*Sara*
Chłopak tańczył świetnie, ale nie dawałam tego po sobie poznać. W końcu się odezwał
- Dobrze tańczysz-powiedział
- Tsa- zdałam się na obojętny ton.
- Wypijesz ze mną drinka?- zapytał
- No dobra tylko pójdę do toalety- powiedziałam
Piosenka się skończyła i poszłam do toalety
-Będę przy barze- usłyszałam
Idąc do toalety rozejrzałam się za moją przyjaciółką. Niestety nigdzie jej nie widziałam. Napisałam do niej ,, Vic gdzie jesteś? Wracasz sama?" Ogarnęłam trochę makijaż i wróciłam do chłopaka.
- Sama tu przyszłaś? -zapytał
- Gdzieś jeszcze jest tu moja koleżanka - odpowiedziałam
- Czego się napijesz? Może ja coś wybiorę? - zaproponował
- No dobra - zgodziłam się
Szczerze mówiąc drink był bardzo dobry i rozmowa nam się kleiła. Nagle w tłumie zobaczyłam moją przyjaciółkę
- Vic! - zawołałam
Dziewczyna była pijana ledwo dotyczyła się do baru.
- O Sara gdzie byłaś? - zawołała
- Nieważne. Wracasz sama? - zapytałam
- Tak Bill czy Will nie pamiętam, ale mnie odwiezie - ledwo mówiła tak była nachlana
- Okej to baw się dobrze - odpowiedziałam, ale moja przyjaciółka już dawno poszła do Billa czy Willa? Chuj wie. A ja wróciłam do rozmowy z Harry'm, bo tak miał na imię chłopak.

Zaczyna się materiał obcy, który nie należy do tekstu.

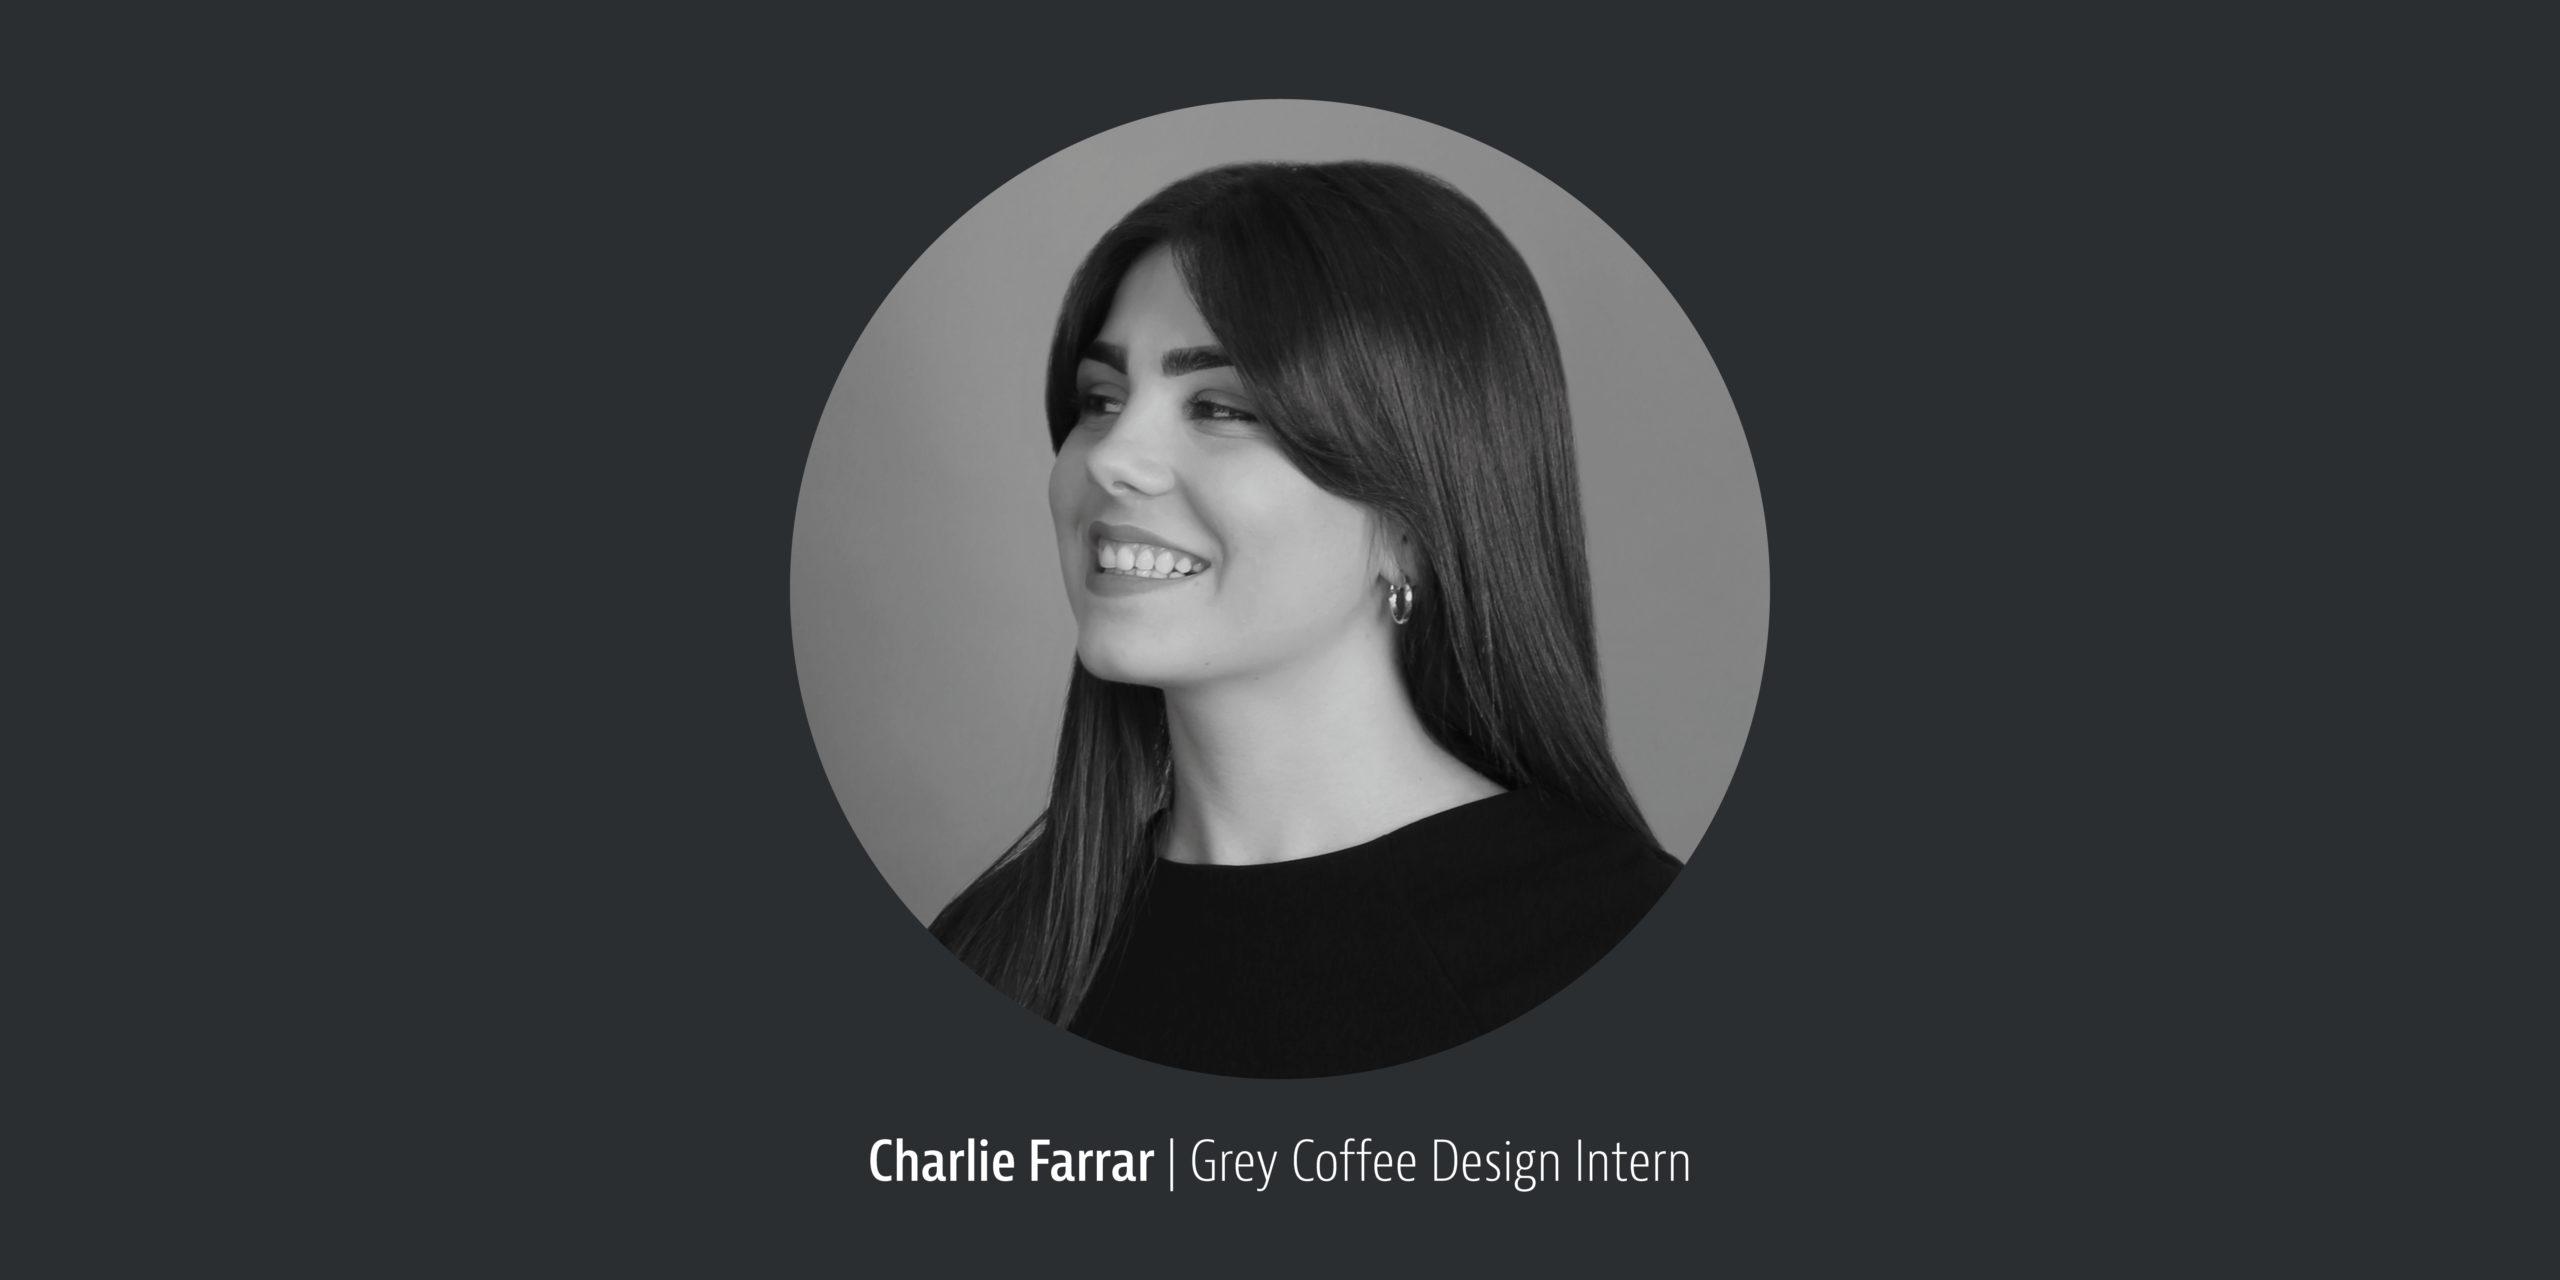 Grey Coffee Team Member: Charlie Farrar
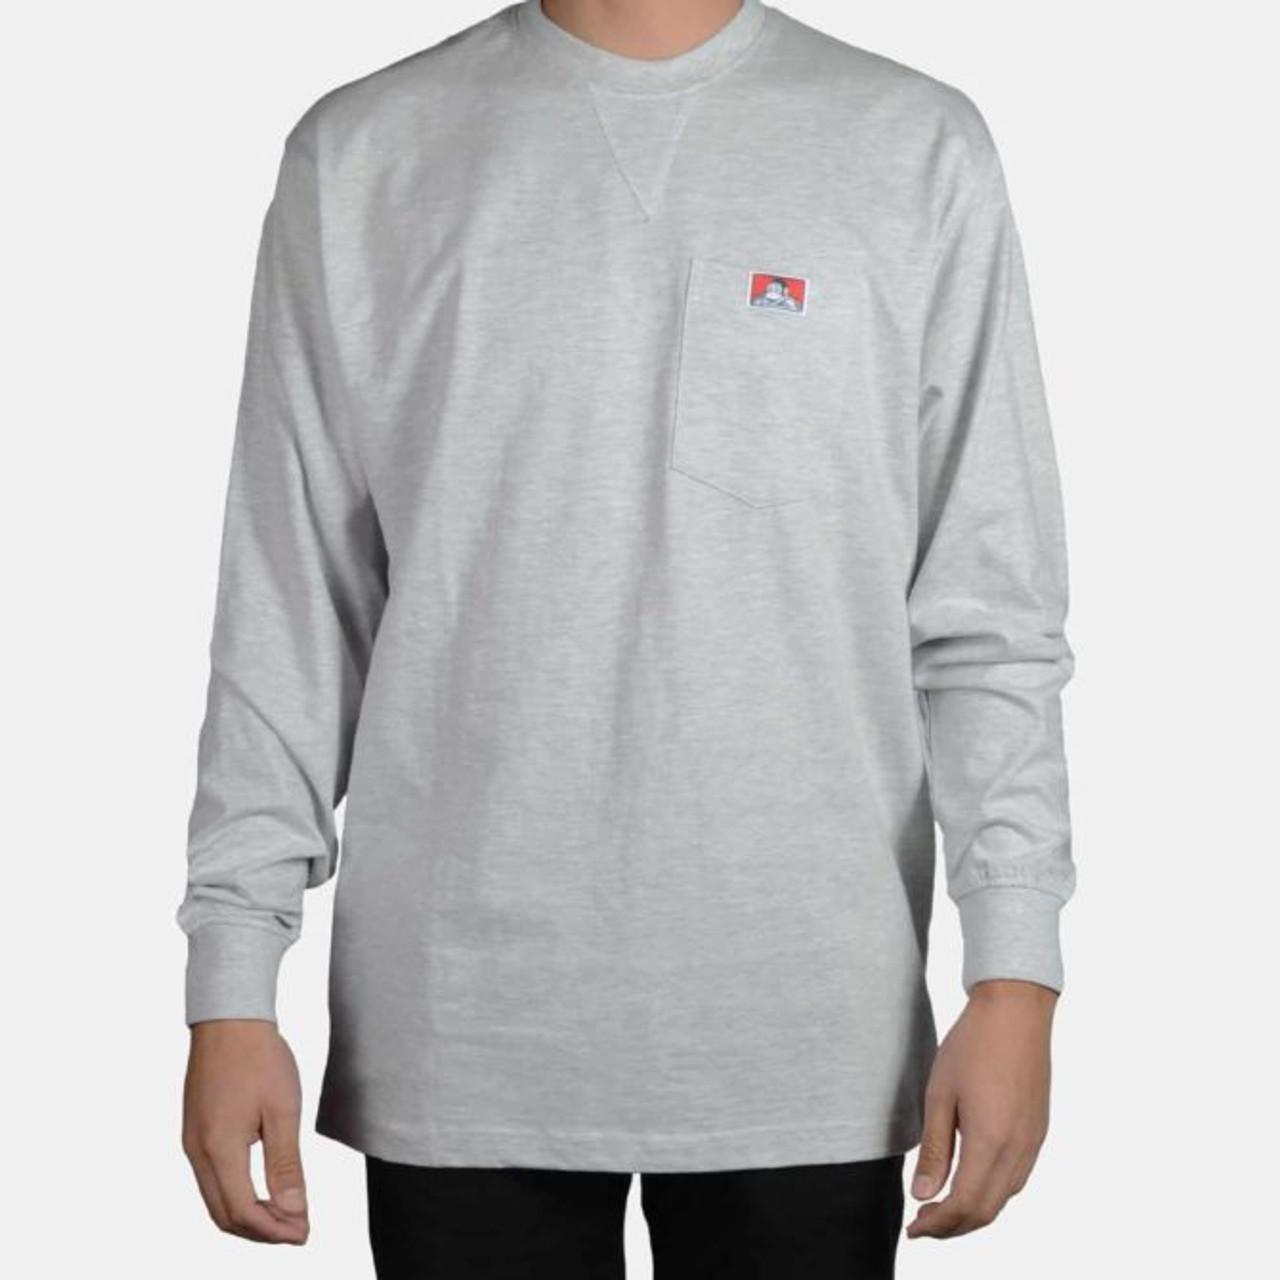 Ben Davis® Heavy Duty Long Sleeve Pocket T-Shirt

- Ja będę się już zbierać - powiedziałam
- Szkoda myślałem, że jeszcze poobściskujesz się ze mną w kiblu a potem gorący seks w toalecie - zakpił
Zaśmiałam się
- Och tak kochany zawsze o tym marzyłam wszystkie te dziewczyny by mi zazdrościły gorącego loczka - ledwo co mówiłam śmiejąc się razem z loczkiem
- No dobra odprowadzić cię czy wracasz z innym gorącym facetem - powiedział
- Liczyłam na seksownego chłopaka stojącego przede mną - powiedziałam
- O jestem seksowny? - zapytał
- Mówiłam o tym za tobą - zakpiłam - Taa taa taa idziemy? - zapytał
I wyszliśmy z Clubu przeciskając się przed spoconych ludzi. Gdy uszliśmy kawałek Harry zaproponował, że poniesie mnie bo zapewne zmęczyłam się stojąc 7 godzin na szpilkach. I nie ukrywałam nogi mi odpadały . Po długim namawianiu zgodziłam się. I tak byłam noszona przez seksownego chłopaka pod sam dom.
- Jesteśmy - powiedziałam
- To teraz gorący seks pod twoim domem - zaśmiał się
- Chciałbyś - odpowiedziałam
Staliśmy bardzo blisko, ale nie chciałam od razu się całować no może tylko w policzek. Zbliżyłam głowę by pocałować go w policzek a on obrócił głowę i wyszło w usta. Poczułam przepływającą fale ciepła. Czułam się świetnie i odwzajemniłam pocałunek.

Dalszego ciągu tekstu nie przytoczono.